#### Try it
An exact copy is required of every line from the one with "Nude gallery Je" through the end of the data below, and the pictures must stay out of it.

#### Information provided
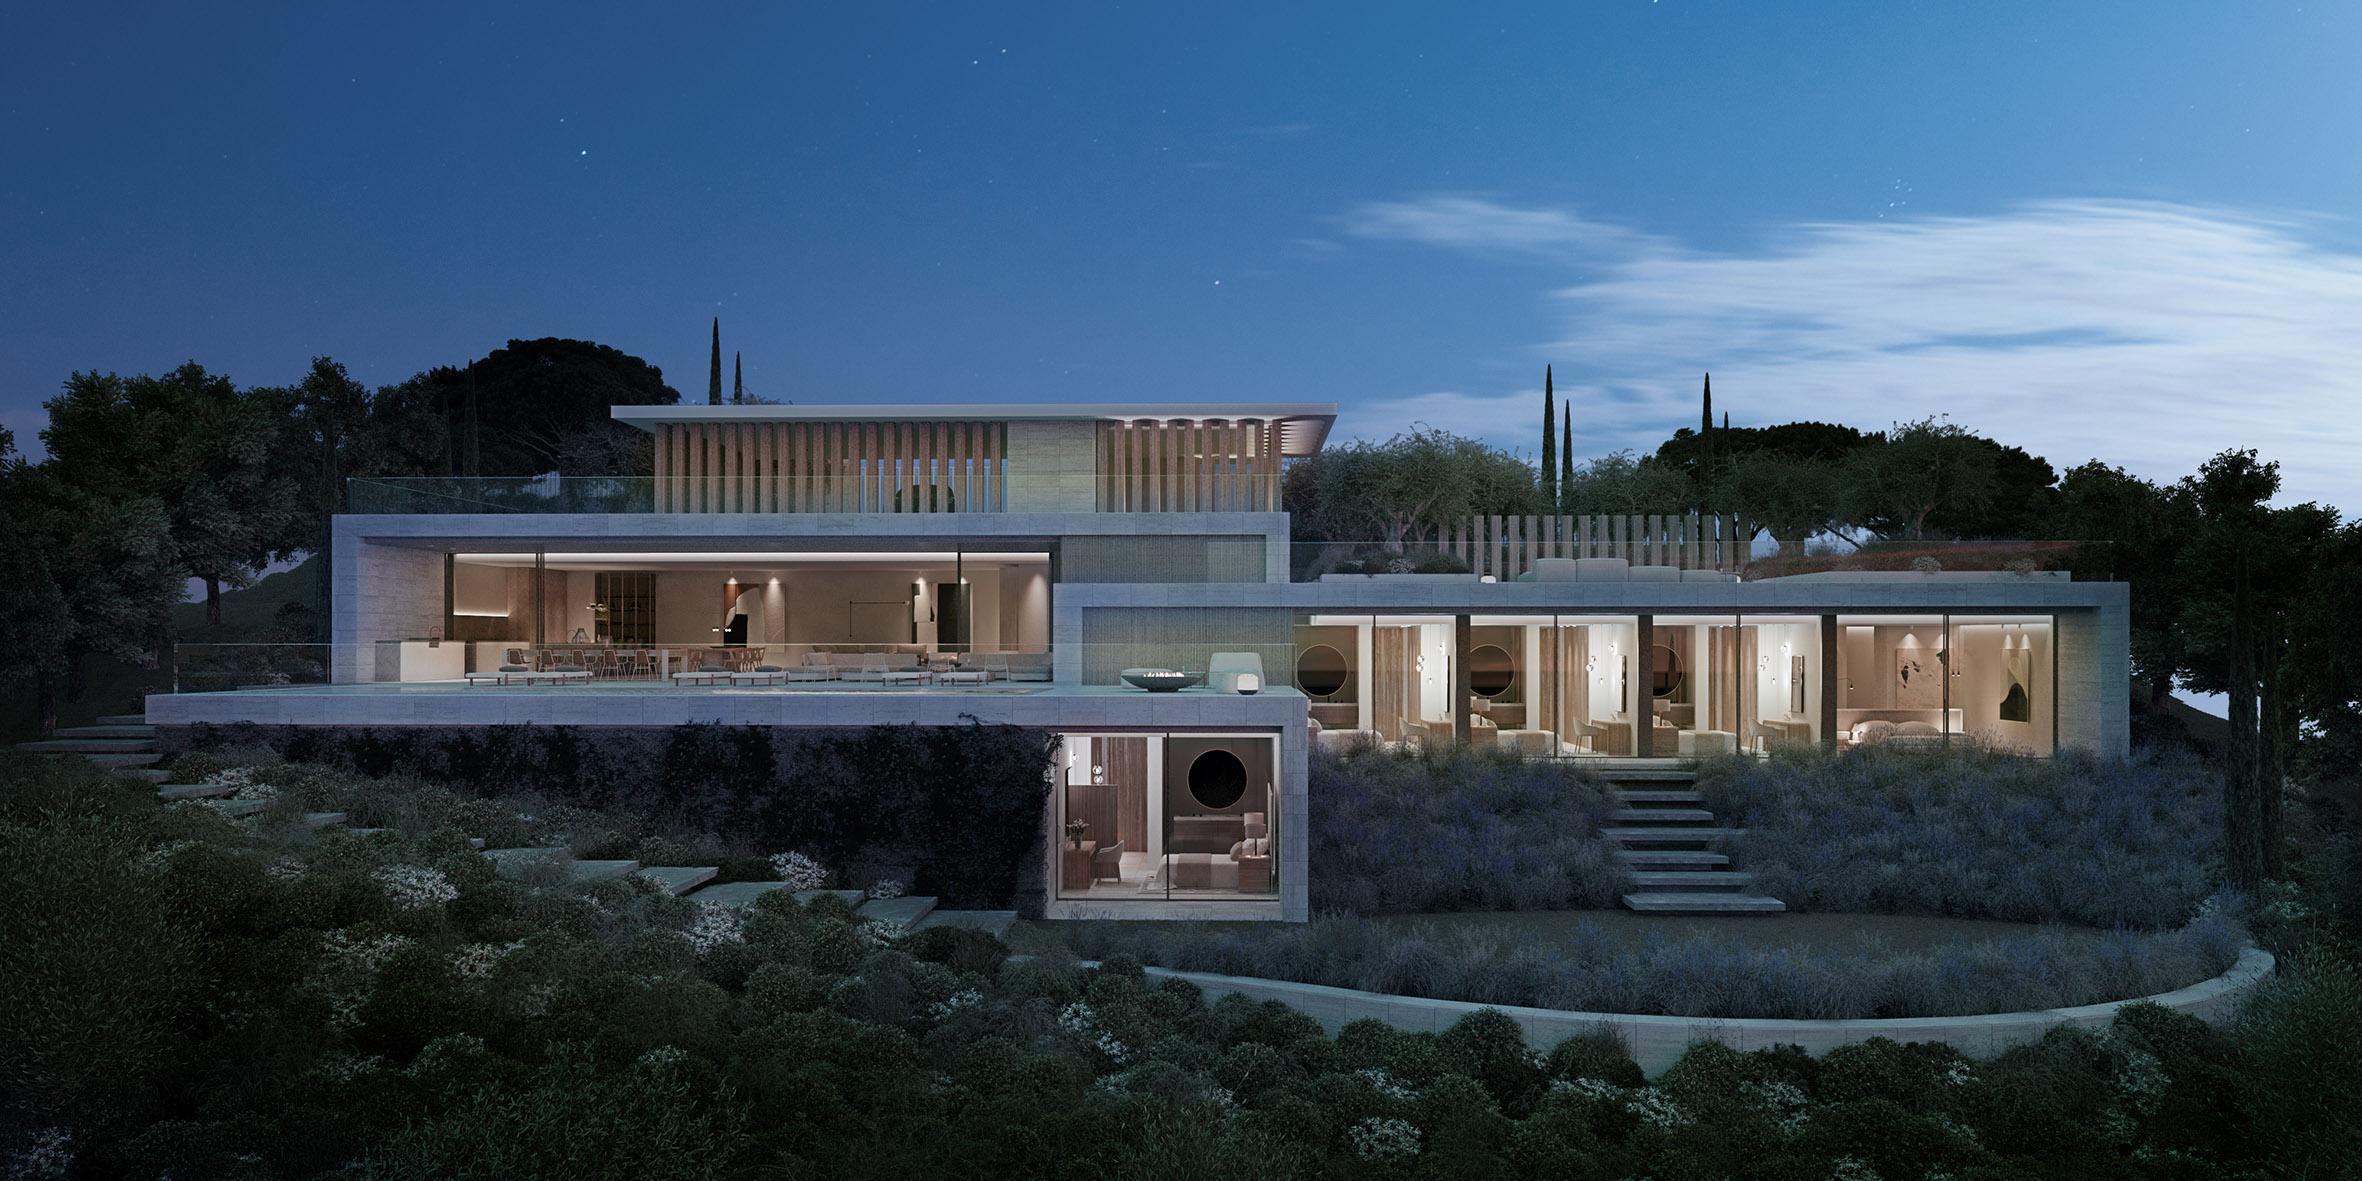 Las Villas más exclusivas de Ark Architects y ASPIRE, protagonistas del 50 Torneo Internacional de Polo de Sotogrande 4
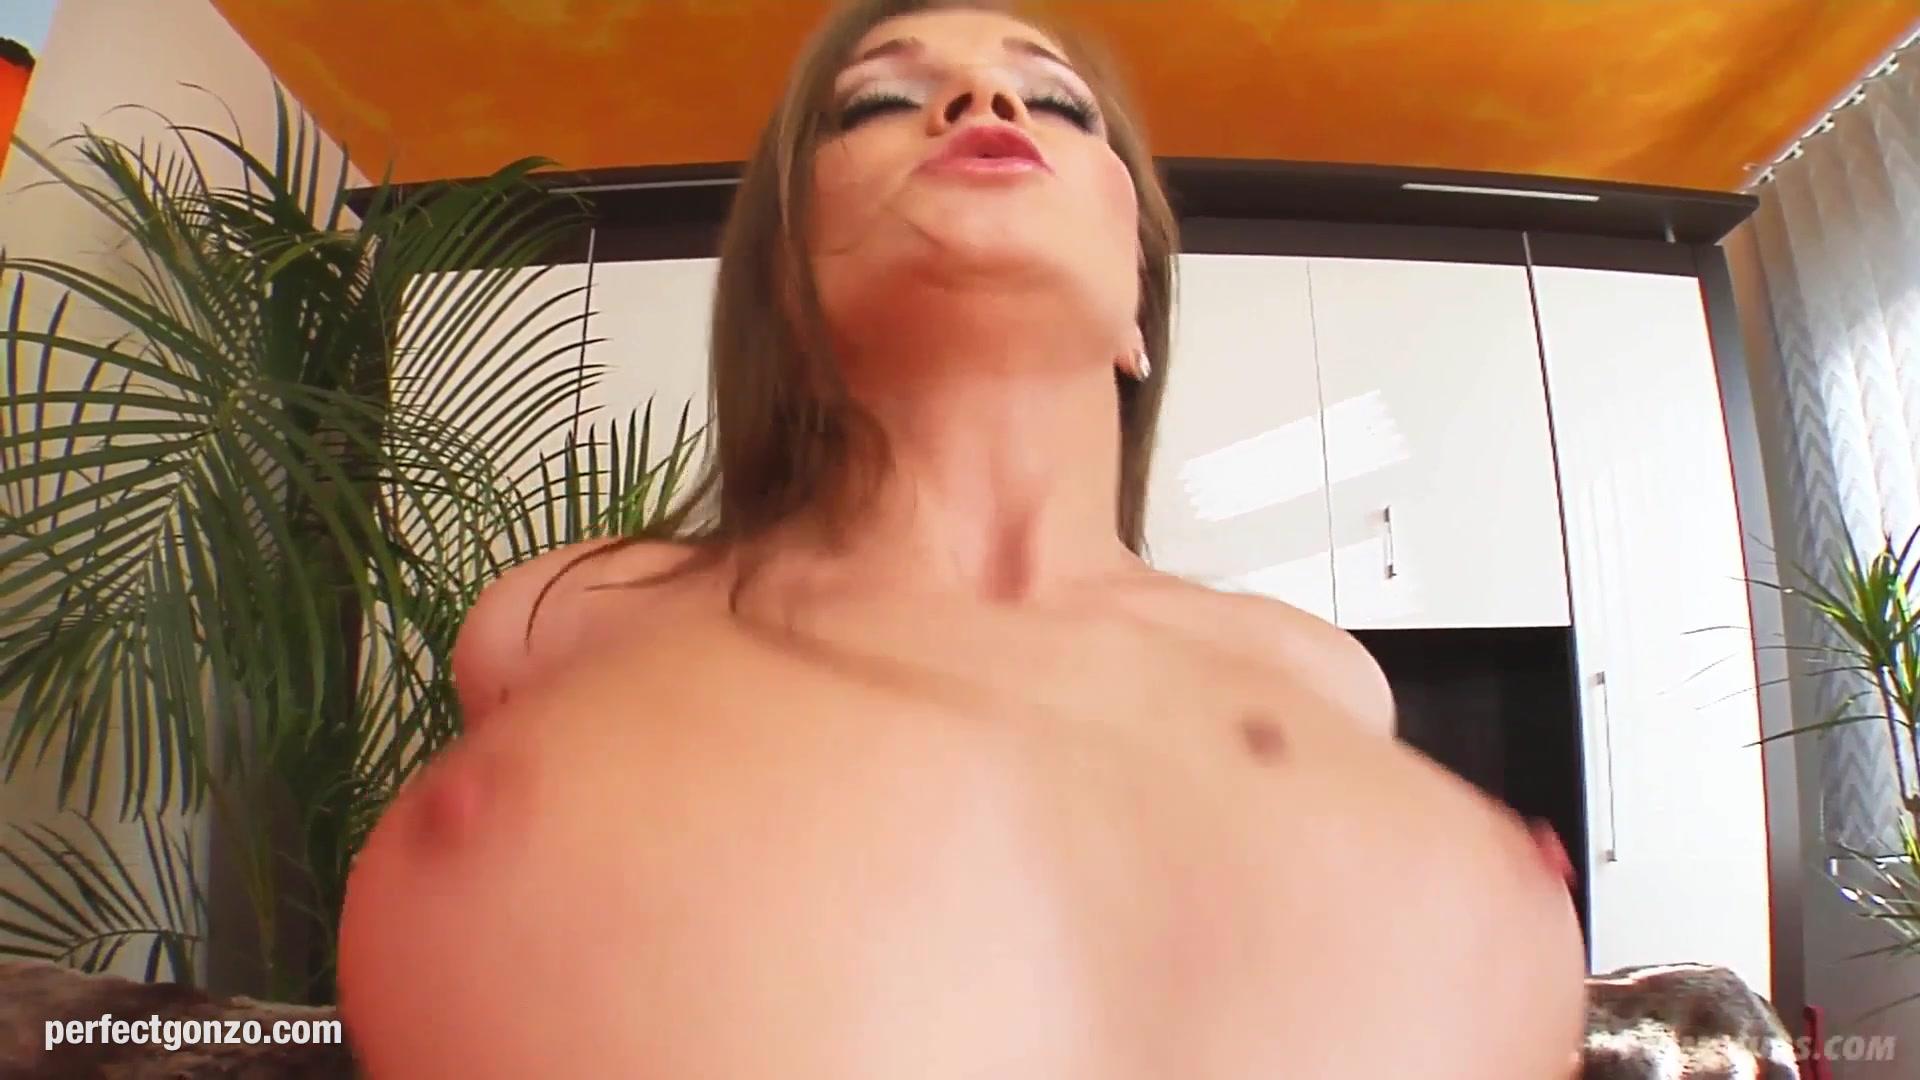 Nude gallery Je recherche un nouveau site de rencontre gratuit
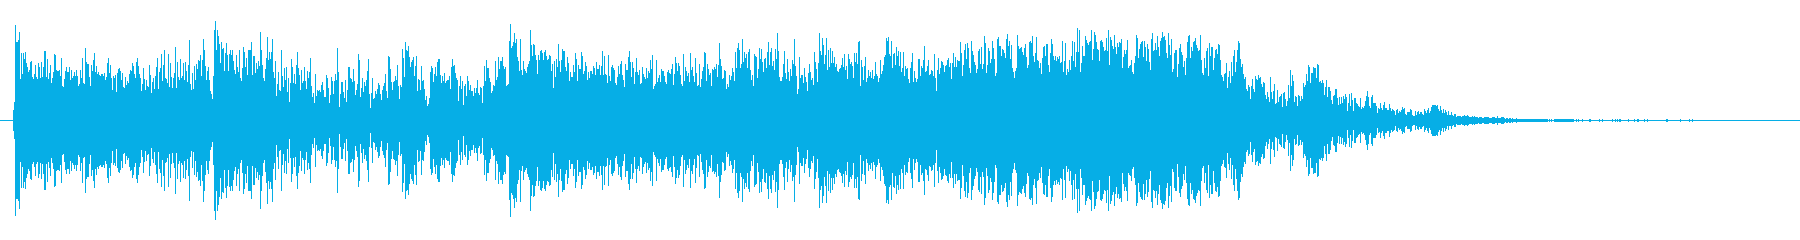 空気圧掃引4の再生済みの波形
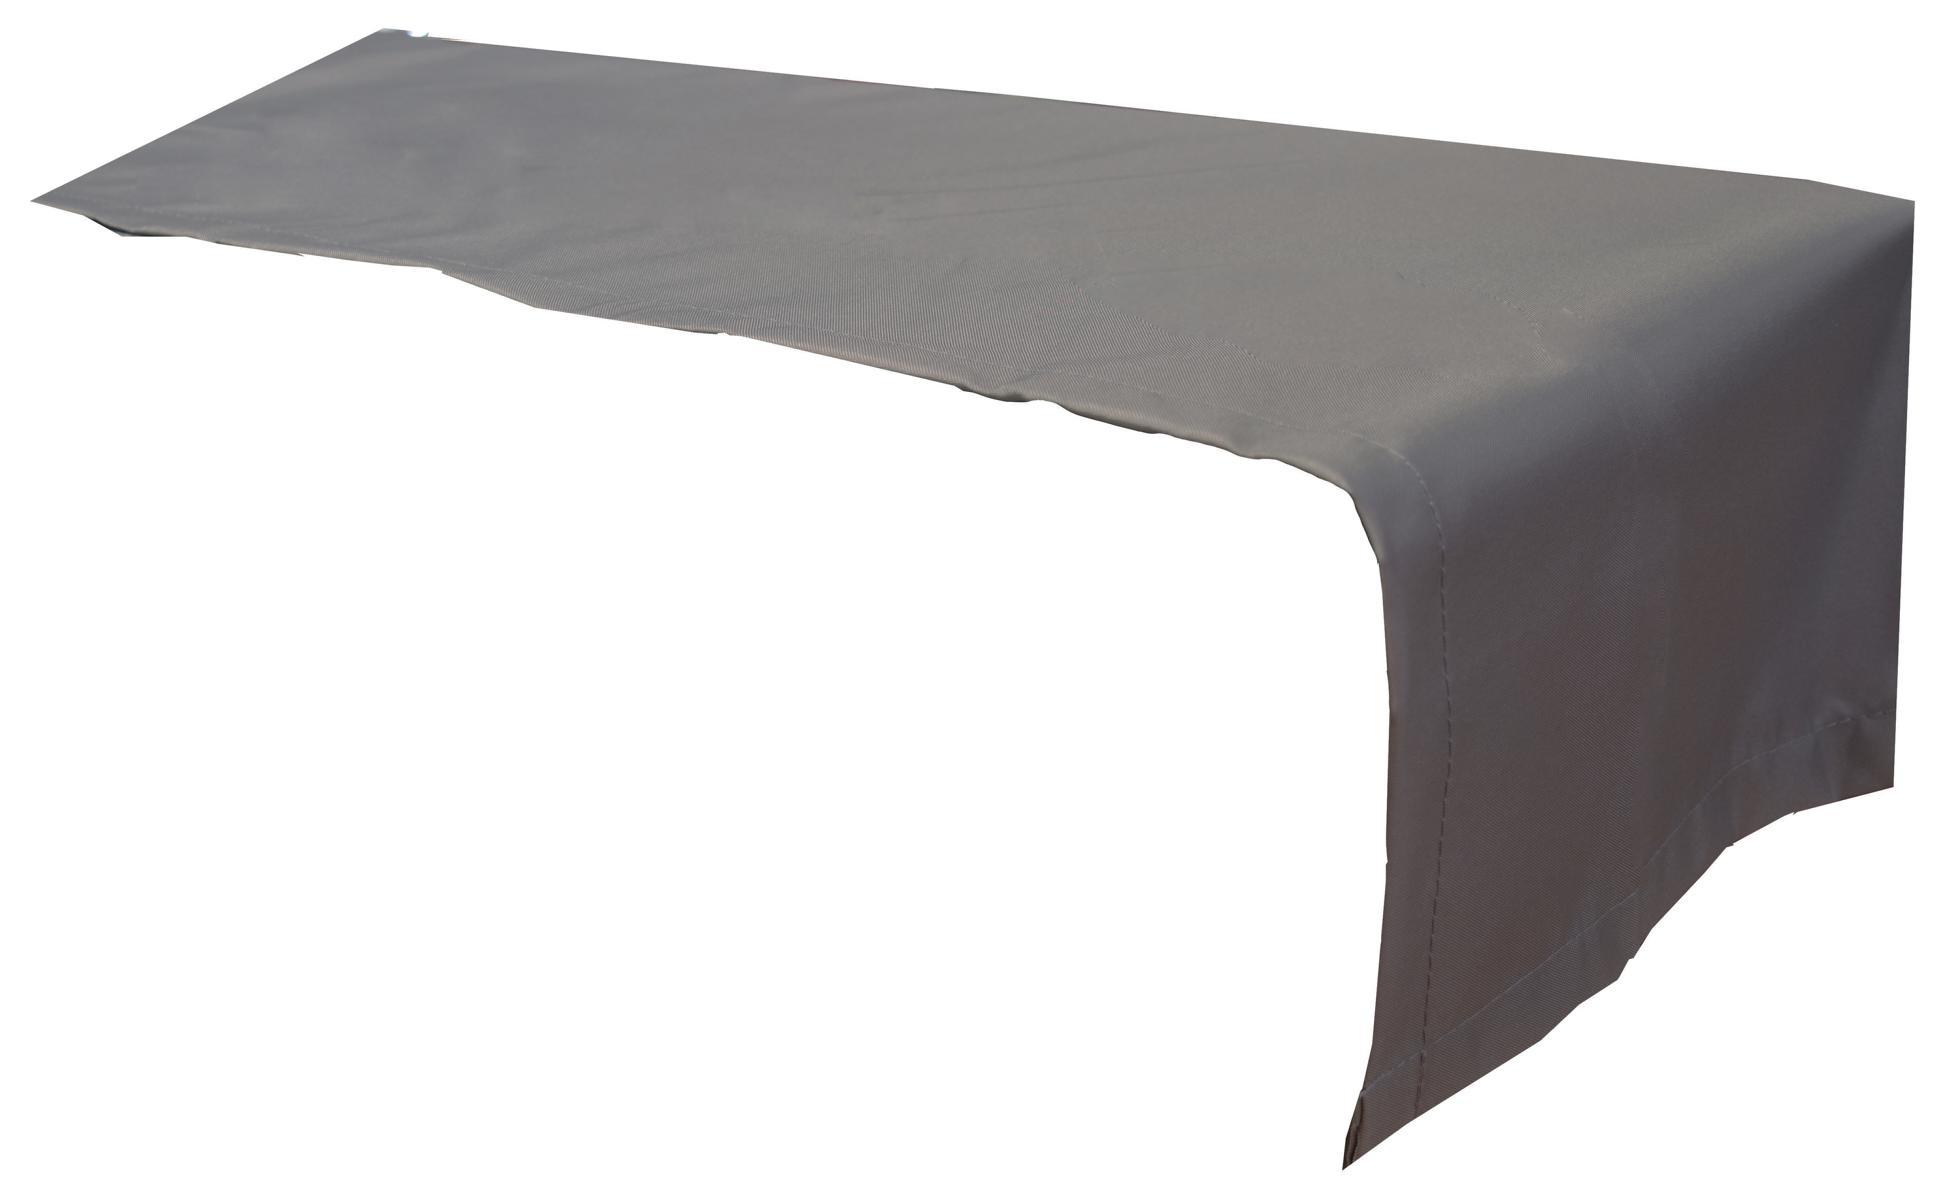 Tischläufer 120x45 cm wasserabweisend 100% Polyester in anthrazit

#### Expected output
 Nude gallery Je recherche un nouveau site de rencontre gratuit
 空気圧掃引4の再生済みの波形
 Tischläufer 120x45 cm wasserabweisend 100% Polyester in anthrazit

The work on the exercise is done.